EXERCISE: Leave every picture out and return the rest of the listing verbatim.

SOURCE MATERIAL:
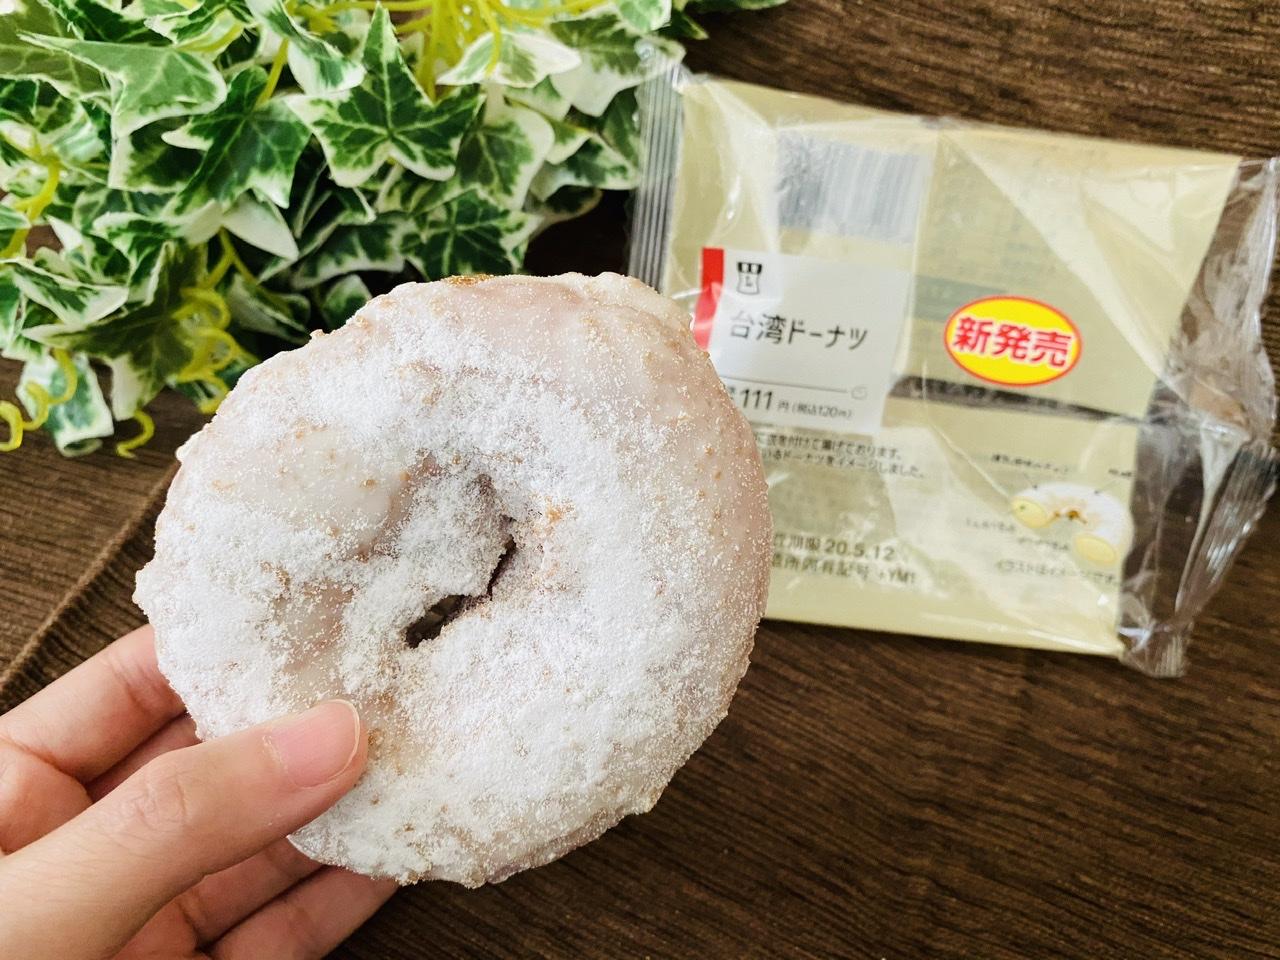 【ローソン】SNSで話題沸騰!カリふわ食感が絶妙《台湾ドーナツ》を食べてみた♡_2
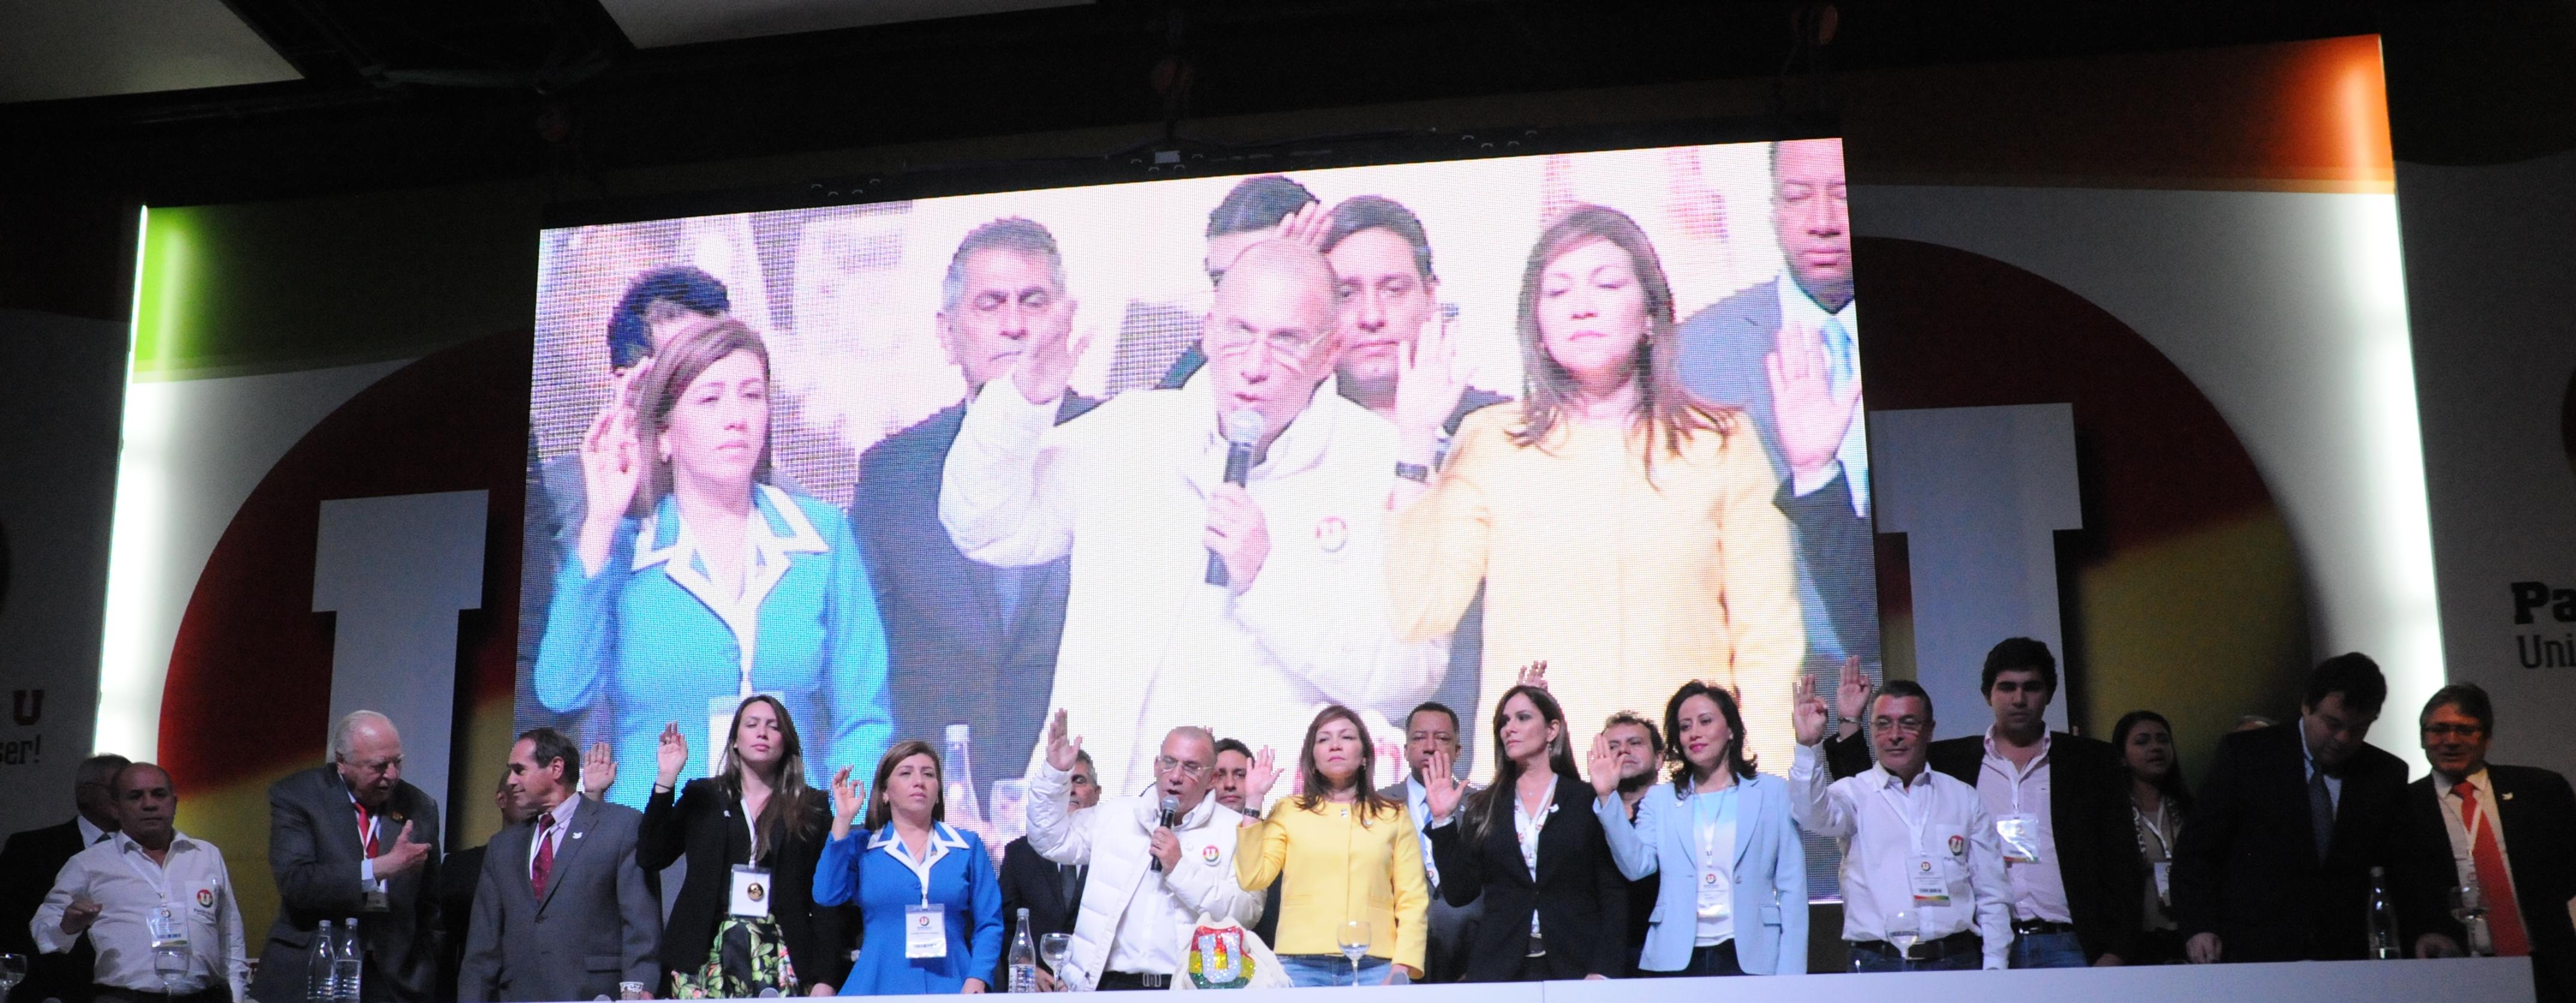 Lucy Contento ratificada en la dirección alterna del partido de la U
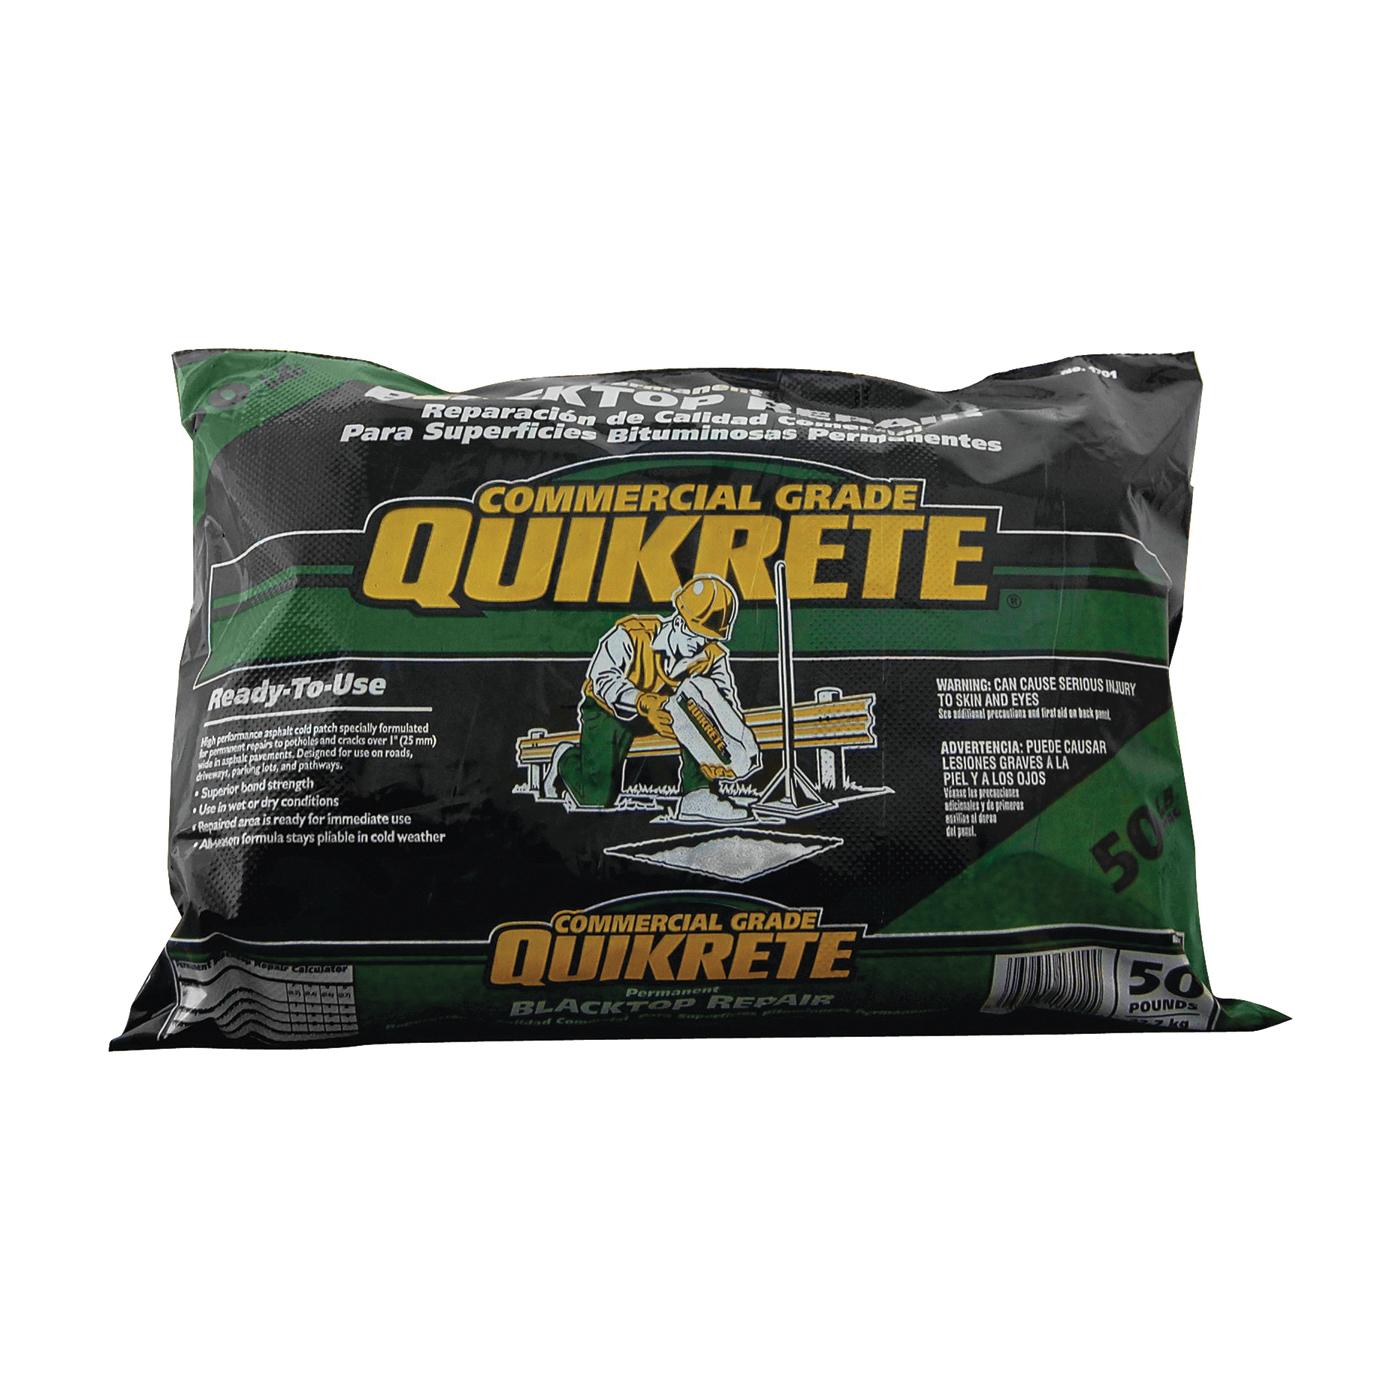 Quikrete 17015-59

OUTPUT BELOW:
 【ローソン】SNSで話題沸騰!カリふわ食感が絶妙《台湾ドーナツ》を食べてみた♡_2
 Lucy Contento ratificada en la dirección alterna del partido de la U
 Quikrete 17015-59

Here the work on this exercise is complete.